Scotiabank CEO sees Canadian housing slowdown, not crash

7 avril 2024

Bank of Nova Scotia Chief Executive Rick Waugh said on Tuesday that mortgage delinquencies have risen at Canada's third-biggest bank, but that he does not foresee a U.S.-style housing crash.

"We still anticipate what I would call in terms of housing, a soft landing, and all the metrics which we watch daily confirm that," Waugh told the bank's annual general meeting in Halifax, Nova Scotia.

His comments, part of an answer to a shareholder question about risks for the bank from the domestic housing market, came as data showed Canadian housing starts edged higher in March, offering some reassurance that the housing market is cooling rather than crashing.

Waugh said the rate of late payments at the bank has picked up, but said it anticipates no significant losses.

"Our delinquency rates with our customers are showing slightly elevated, but not significant, rises, and are well under control," he said.

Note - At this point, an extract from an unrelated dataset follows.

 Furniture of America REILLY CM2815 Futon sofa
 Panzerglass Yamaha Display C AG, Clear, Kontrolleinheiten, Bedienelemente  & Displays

Scotiabank, the No. 3 bank in Canada by market capitalization, is the most internationally focused of the country's banks, with operations in about 50 countries. But it still generates much of its income domestically and is heavily dependent on mortgage lending.

Canada's formerly hot housing market has begun to lose steam over the past year after the Conservative government, fearing the possibility of a property bubble, tightened mortgage rules.

While the decline in activity has been modest so far and prices have held steady in most markets, some point to Canadian consumers' record-high debt-to-income levels as a warning of a potential crash.